The Mission
Fr. Dennis Gallagher, A.A. '69, Vice President for Mission
Wired: Cell Phones and the Love of Learning (Winter 2006)
Alumni who visit the College often remark about the changes in the campus landscape, notably the Testa Science Center and the newest residence halls. But I wonder if the single most visible change in the last five years has been the rather peculiar sight of students out in public with a phone attached to their ear. By a slim margin, more students own a cell phone than a personal computer, and both exceed 90 percent.
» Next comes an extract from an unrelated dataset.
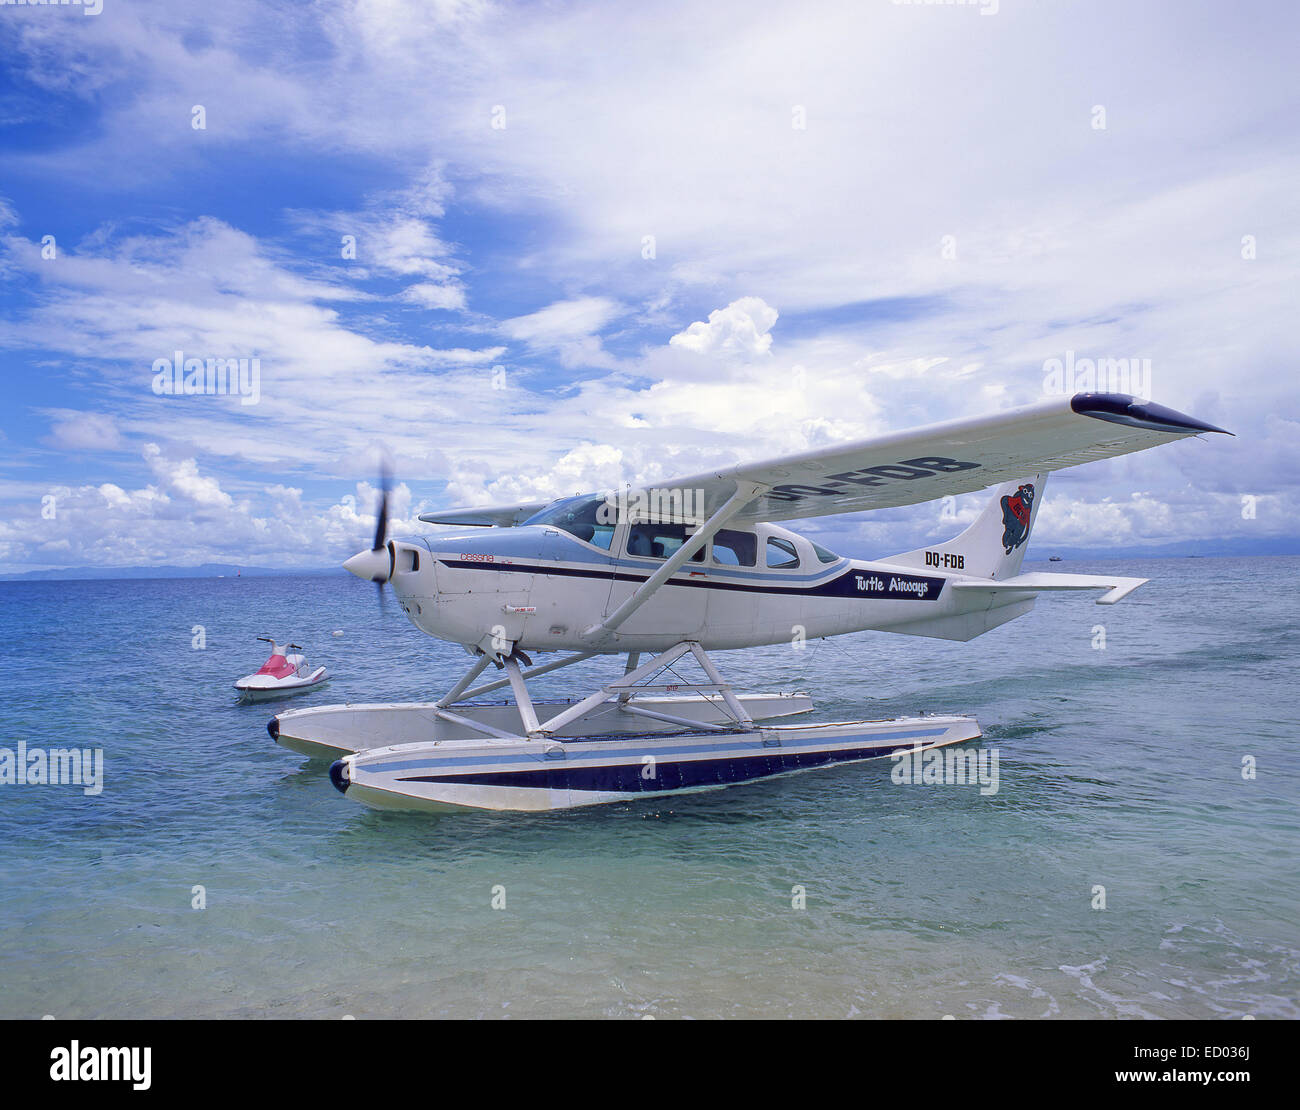 Schildkröte Airways Schwimmer Flugzeug, Beachcomber Island Resort Beachcomber Island, Mamanuca Inseln, Viti Levu, Republik Fidschi-Inseln Stockfoto

I say peculiar, because the cell phone collapses the distinction between public and private in ways that are sometimes disorienting. I remember seeing two friends walking together in Rome several years back, both chatting away on their cell phones and presumably not with one another. With nothing better to do one day in Chicago this summer, I looked down on a busy intersection to see how many pedestrians were otherwise engaged. Not counting those hands-free devices, there was at least one cell phone user in every group crossing the street over a 15-minute span. The cell phone phenomenon is remarkable for being so commonplace.
The availability of communication whenever and wherever does raise questions which have some bearing on our educational mission. Our Student Life staff indicates that parents are increasingly and more directly involved in the lives of their sons and daughters during their college years, a turn of events not caused by the cell phone, but no doubt facilitated by it. Together with e-mail and text messaging, maintaining connections is obviously both fast and easy. At the risk of being a crank, I am led to ask how the habits encouraged by our instantaneous modes of communication affect the dispositions of mind and heart suitable for a liberal education, among them patience and thoughtful deliberation and fruitful solitude. Besides maximizing the possibilities for “engagement” of various sorts, is there not also a necessary place for dis-engagement during these years of study and personal growth? Can we realistically expect that our students will become attached to the rarer qualities of the human spirit without a certain detachment from the insistent distractions and interruptions of our cell phone generation?
For all that has been made possible by our technology, then, one has reason to worry about the future of this kind of education apart from a deliberate slowing of the pace and a more judicious use of the means at our disposal. This is not a question of turning back the clock, but of cultivating a thoughtful awareness of both the possibilities and perils of our wired world.